As the title says, I don't understand how to find the domain of $\arcsin(\sqrt{1-x^2})$. I kinda understand how it would equate to it would be -1 < x < 1 (inclusive of 1 and -1) by definition of a real root, but how does the inverse sine function affect this domain? I know that for any function $\arcsin(f(x))$, the domain is $-1<f(x)<1$, but how exactly does the root affect this domain also?
Thanks for the help.
On
The domain of the function $f(x)=\arcsin(x)$, by definition, is equal to $-1\le x\le 1$. Now, since the argument in your function is $\sqrt{1-x^2}$ then we have to solve the following inequality: $$-1\le \sqrt{1-x^2} \le 1.$$
Since the function $f(x)=\sqrt{x}$ is greater than $0$ for all $x$, then we note that $$0 \le \sqrt{1-x^2} \le 1 $$ $$\therefore 0\le1-x^2\le1$$ $$\therefore-1\le-x^2\le0$$ $$\therefore 0\le x^2 \le1$$ $$\therefore x\in[-1,1]$$.

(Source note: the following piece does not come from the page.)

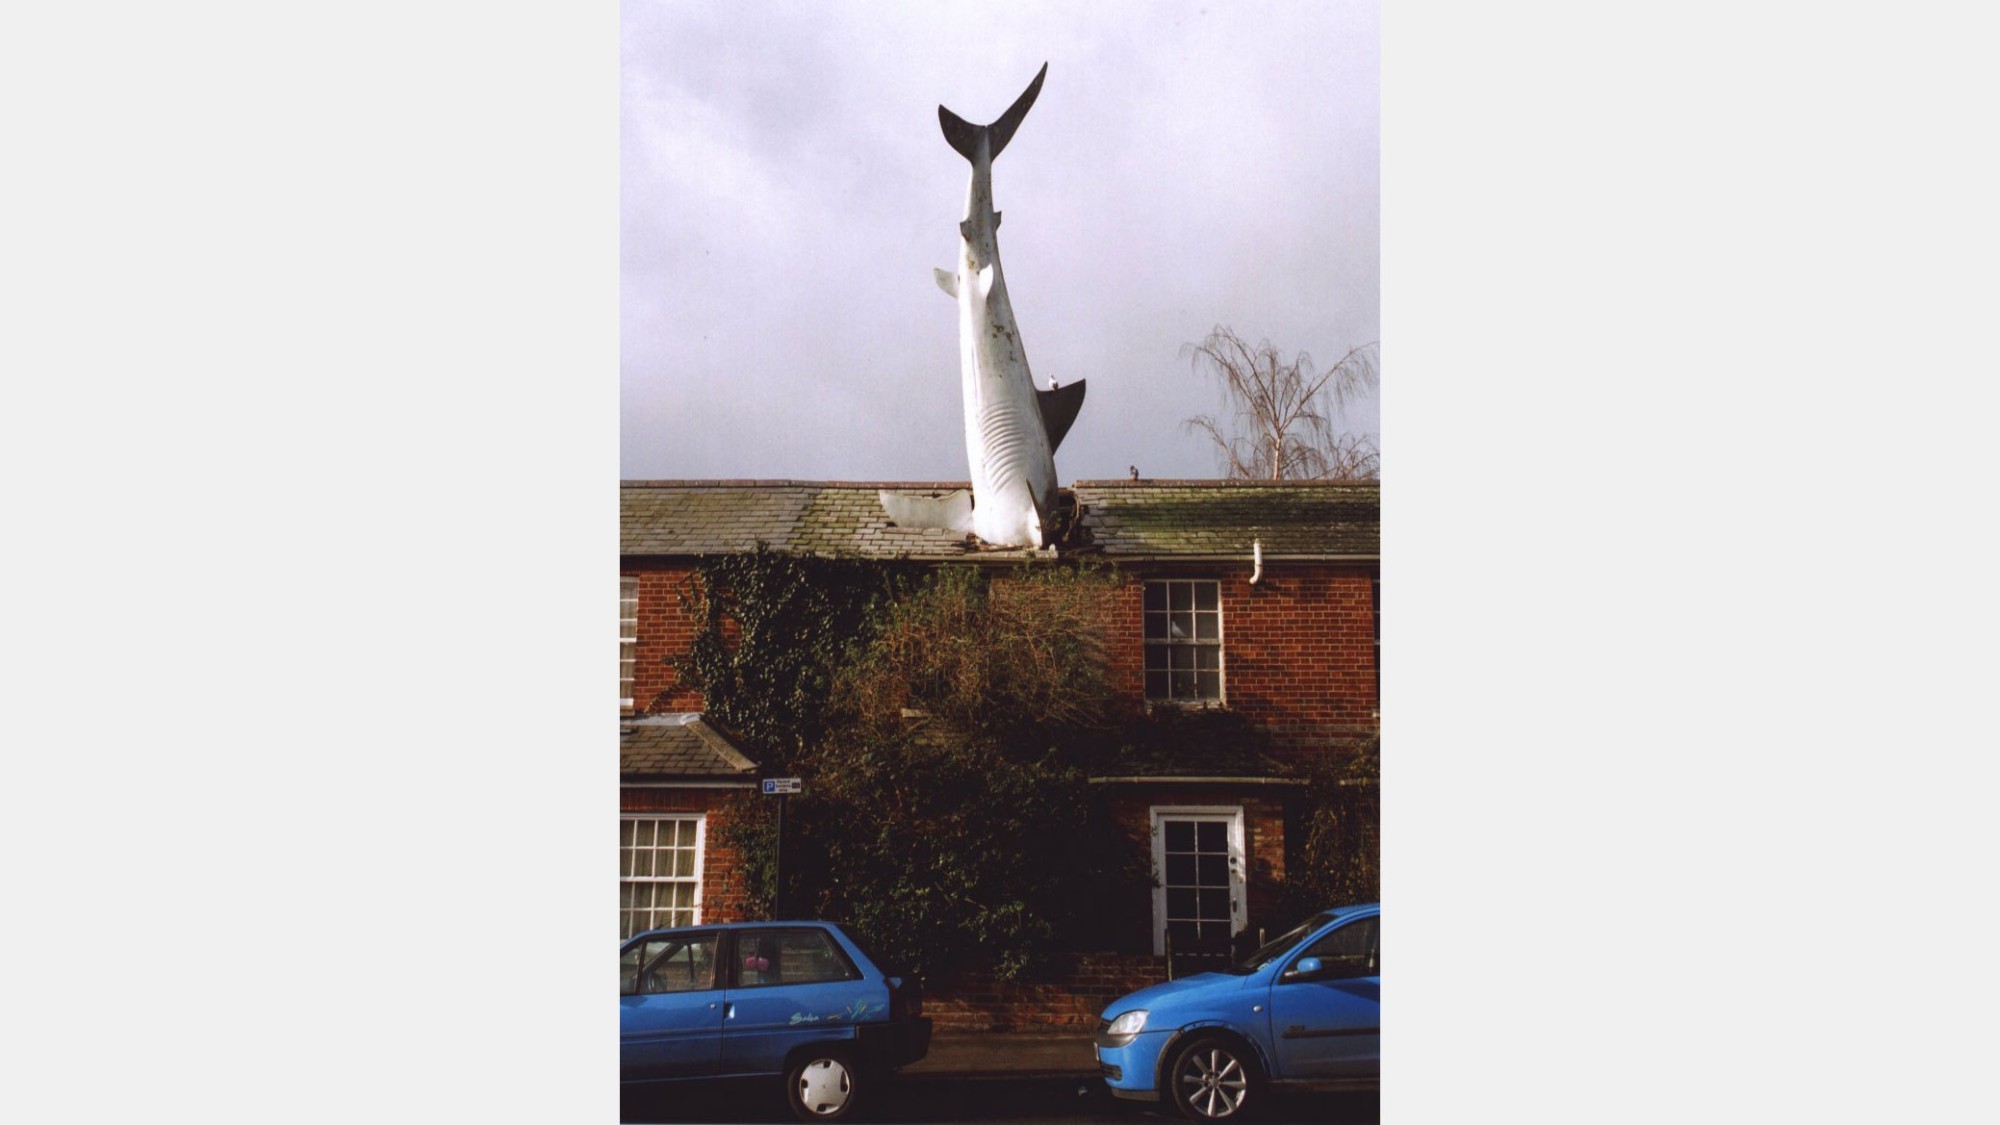 Headington Shark
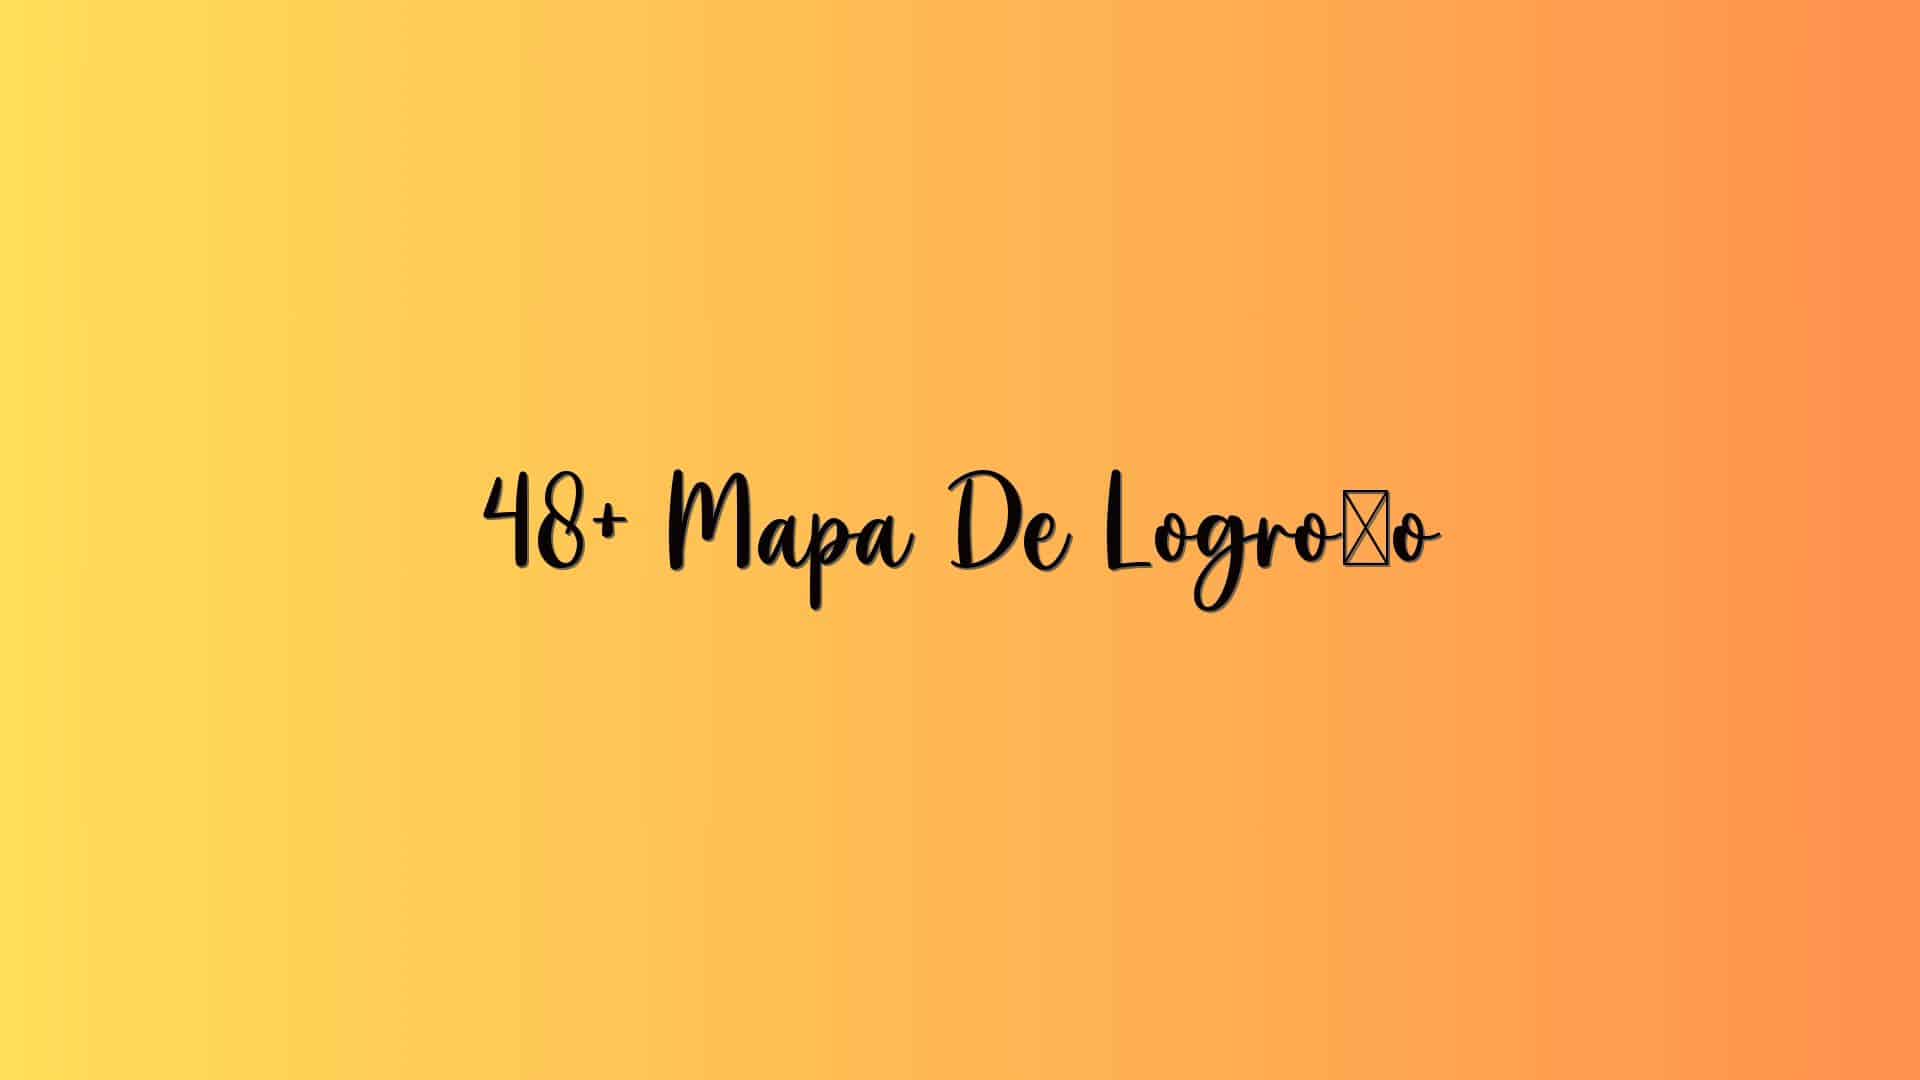 48+ Mapa De Logroño

BEcause arcsin operates on values between $-1$ and $1$, you need to have $$ -1 \le \sqrt{1 - x^2} \le 1 $$ That's equivalent (by squaring, since the square root is always nonnegative) to $$ {1 - x^2} \le 1 $$ But with the constraint that $1 - x^2 \ge 0$, so that the square root is still defined. So we have $$ 0 \le {1 - x^2} \le 1 $$
Take $1 - \text{each term}$ and swap the comparisons to get $$1 \ge x^2 \ge 0 $$ whose solution is $-1 \le x \le 1$.